One thing I’ve discovered in working on the memoir is how much of the story of Eric’s illness I was telling David two years later, shortly after we met.  Many days in April of 2008 I was writing emails and letters to David, telling him what had been happening on that day two years before — this is the weekend Eric first slept all weekend and hardly ate, this is the day he went back to the doctor and ended up at the hospital, and on and on.  I couldn’t help reliving everything and writing it down helped make it easier to carry. Having David to write it to made it easier still.
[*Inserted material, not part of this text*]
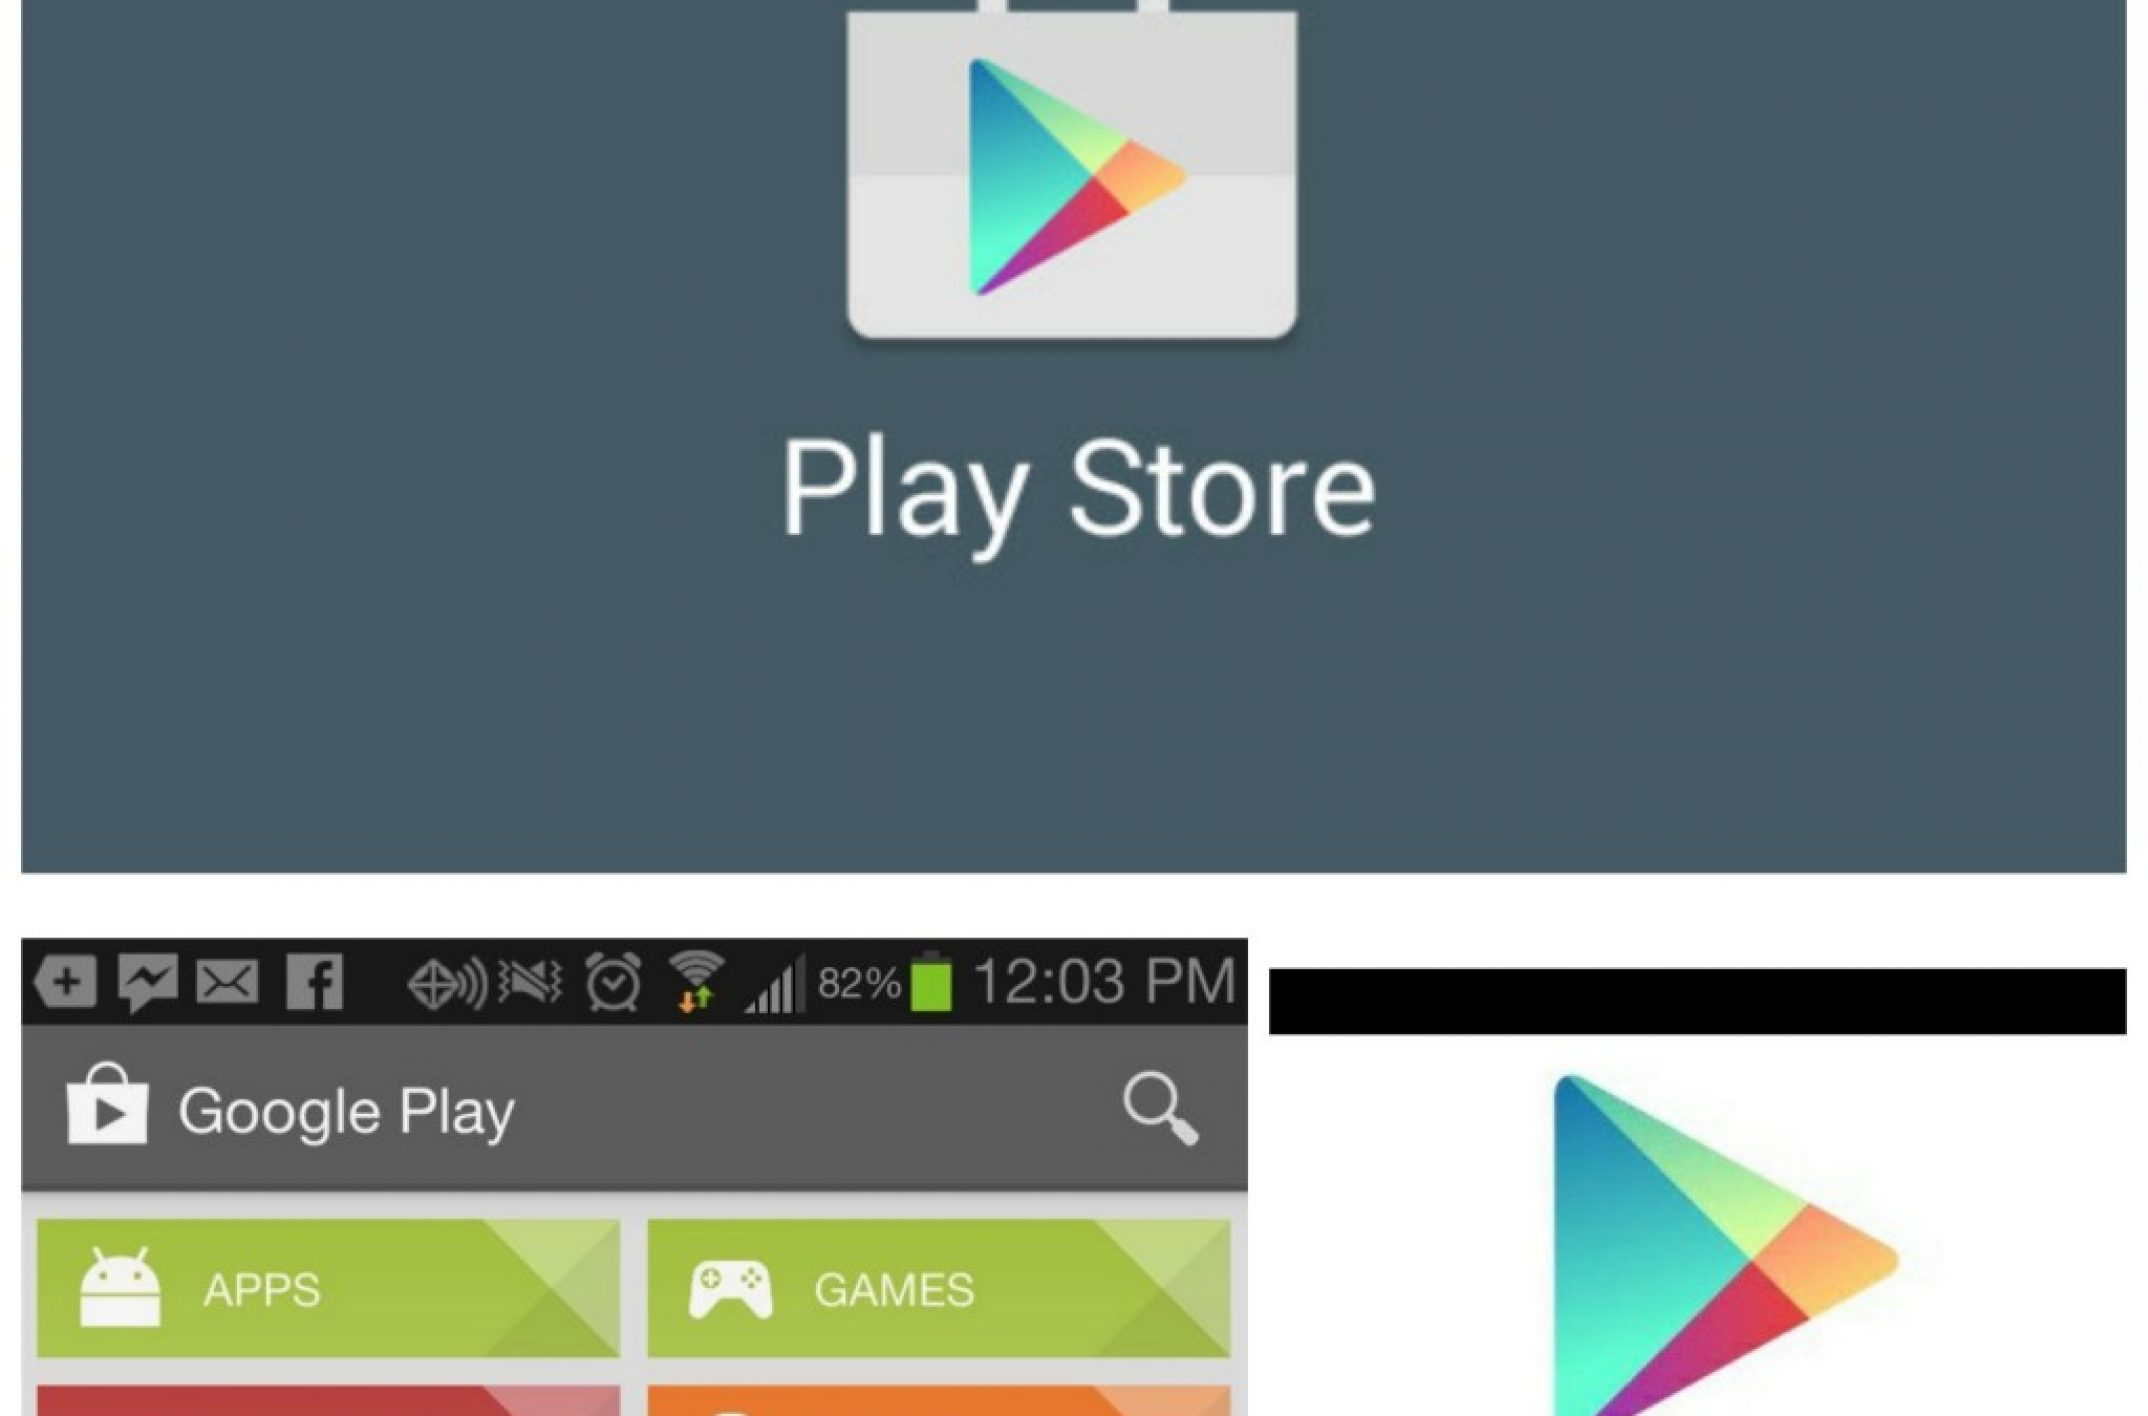 Comment installer play store gratuitement ?

I’m having another one of those years.  Because I’m writing about and reading about remembering each day as if overlaid with that day in 2006, I found myself back on the train of memory.  Here is a letter I wrote to David on April 13, 2008:
Eric’s diagnosis came just before Passover, the Jewish calendar is lunar so the dates float across the Roman calendar. Two years ago tonight was the night we were going to host a Seder here with our NH Jewish friends, a Seder tradition dating back to when we first moved to NH.  I was so delusional in the face of Eric’s mounting illness I’d shopped for the big Seder the weekend before even while knowing on some level it would never happen.  So two years ago Eric was just home from the hospital and we did a little Seder with just the family. Eric told the Passover story, gave a short history on the tradition of the Seder, and Matt told Adrienne later that it had been great to listen to Eric, he’d learned so much, he wished he’d have more Passovers with Eric. Adrienne told Eric Matt had said that, then Eric said to me (so much circular conversation!) “Well, that’s a reason to stay alive for another year. To teach Matt more.” And Eric was dead in three weeks. Yikes. I’ve been crying a lot tonight.
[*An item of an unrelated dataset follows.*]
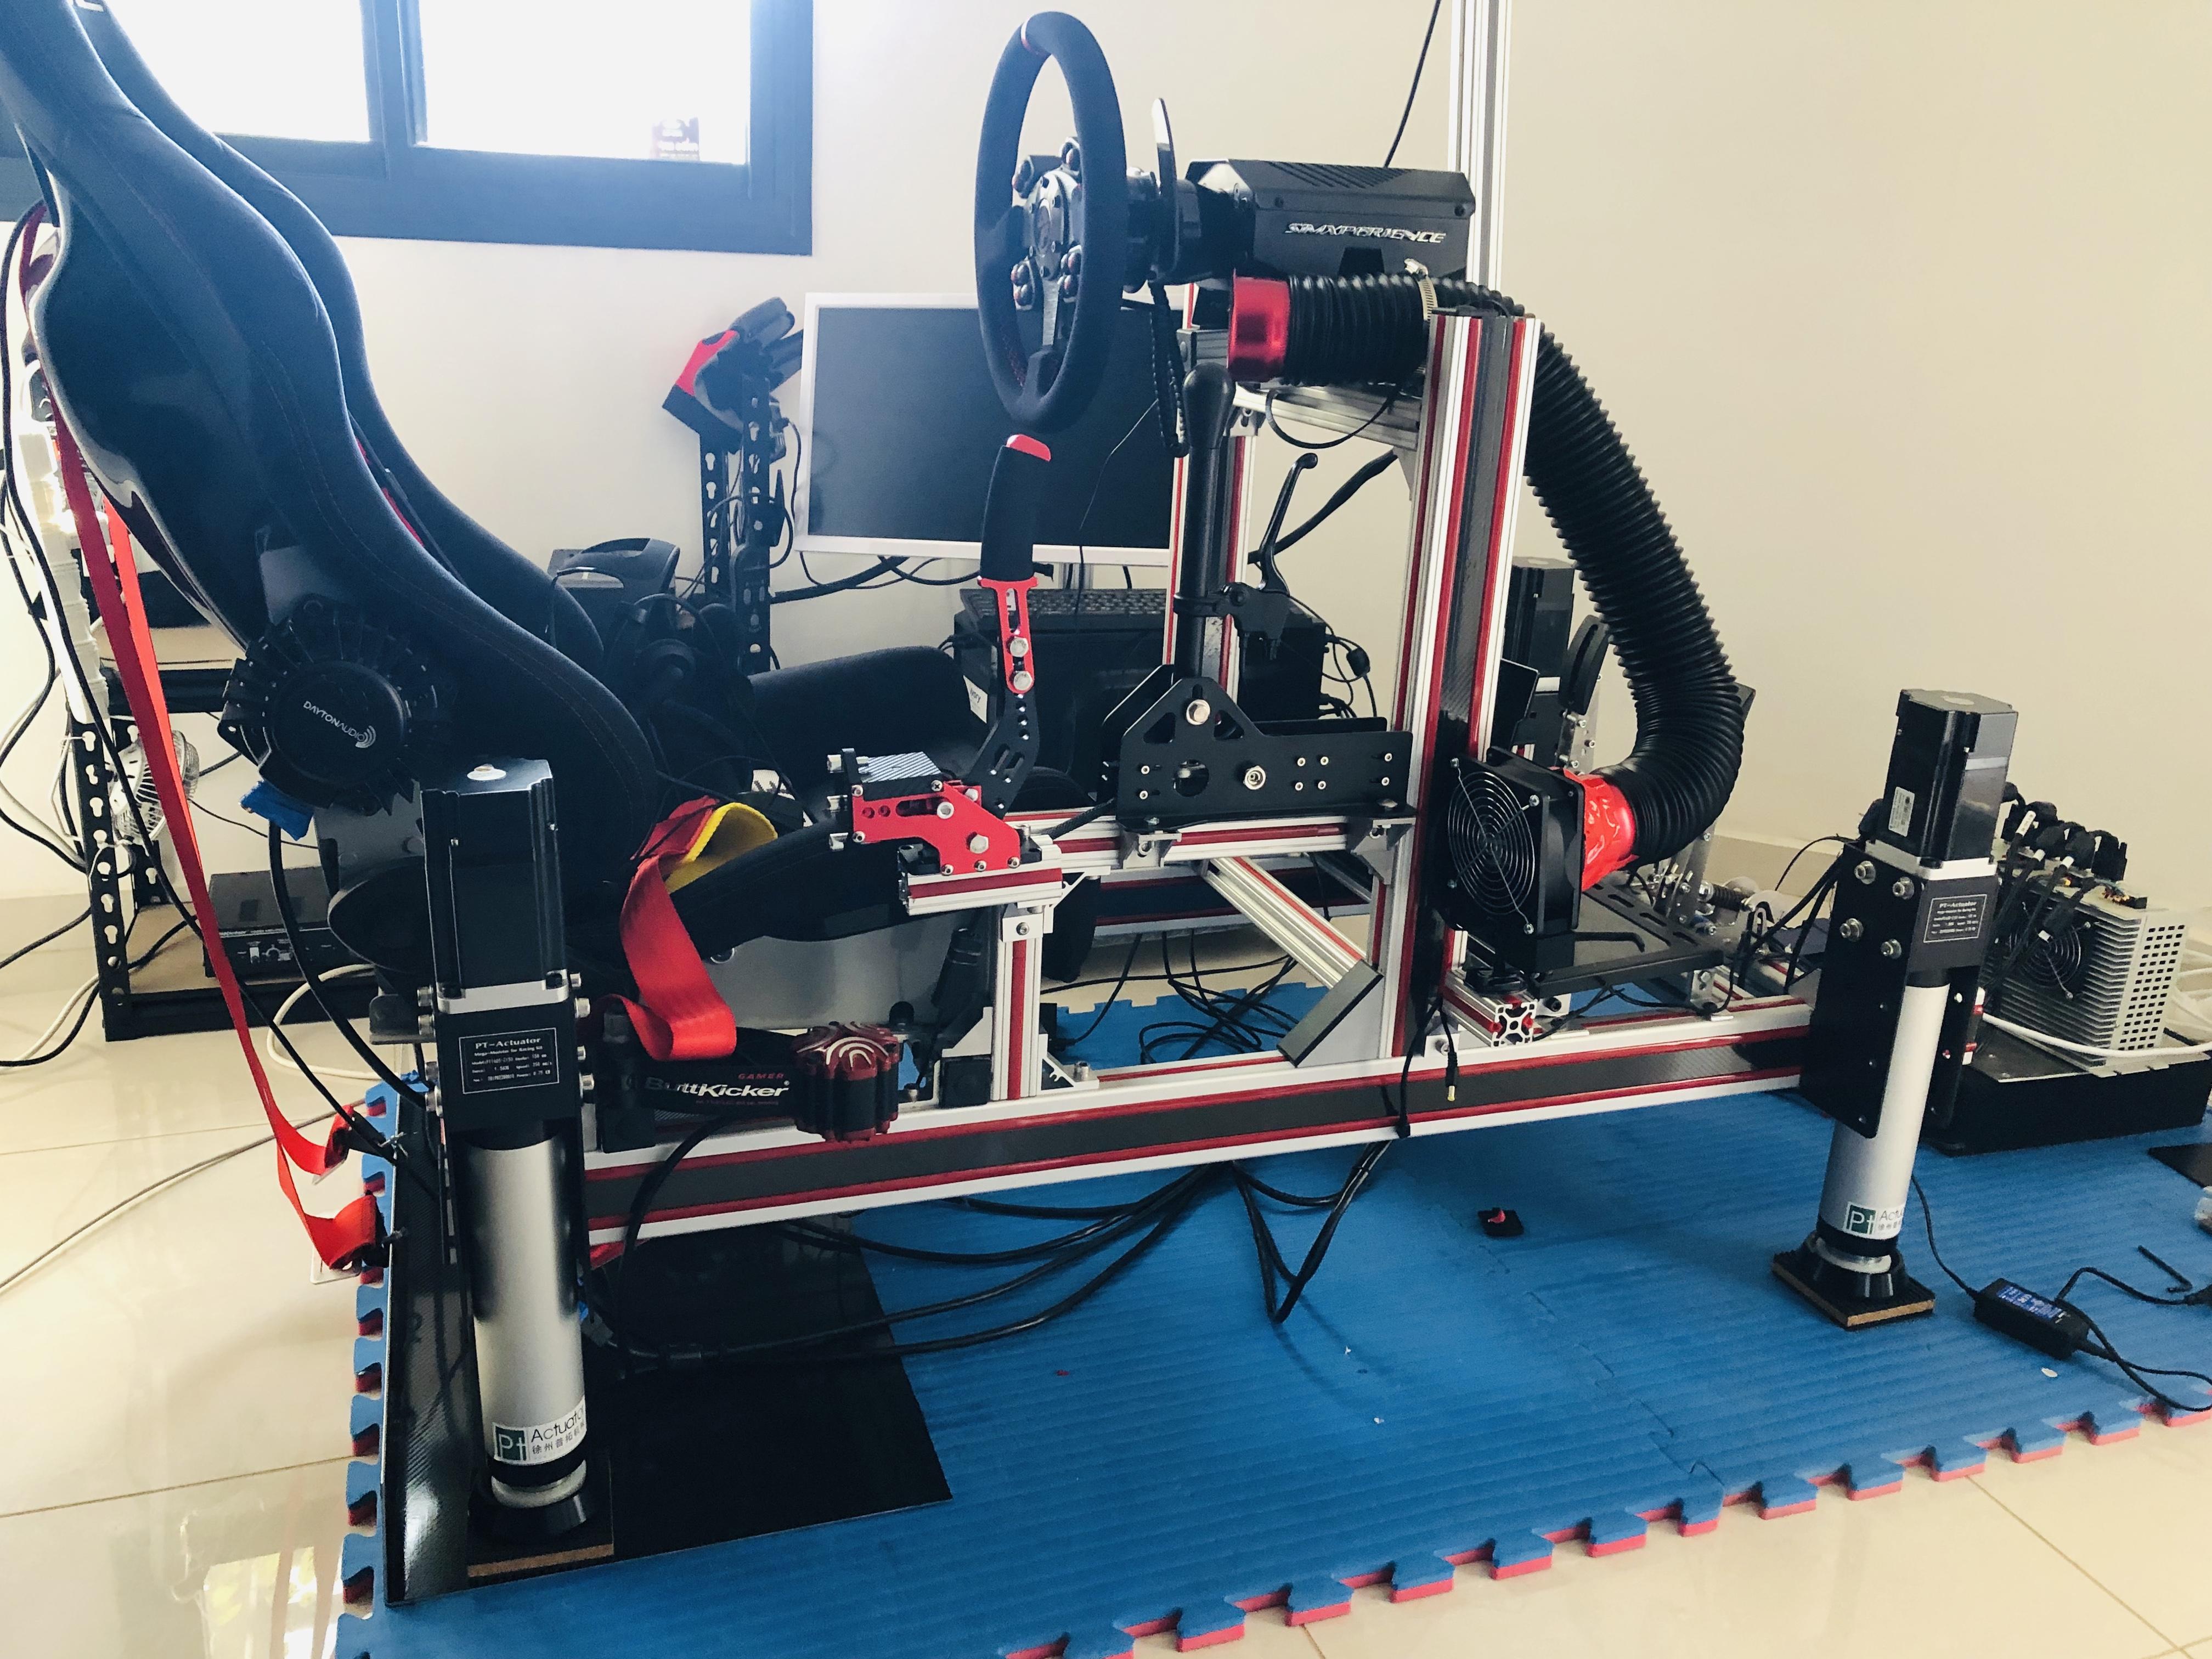 My new motion VR cockpit | Studio-397 Forum

But time is on its constant track, so even as I remember sad times from eight years ago, or remember remembering six years ago, today is today and we had a wonderful Seder last week with some of those same friends.

 

Small Stone #20

Natalie Schain

Tears welled up as I moved into child’s pose this morning, at the beginning of yoga class.  “I wonder what this is about,” I thought, and then in another pose when the tears were right there again.  Then during shavasana, the lying relaxation pose at the end of yoga class, I remembered.  Natalie died a year ago. I’ll light a candle for her at sunset and let the small glow it creates dance in the kitchen as it grows dark. The candle will still be burning when I get up in the morning.  Another day.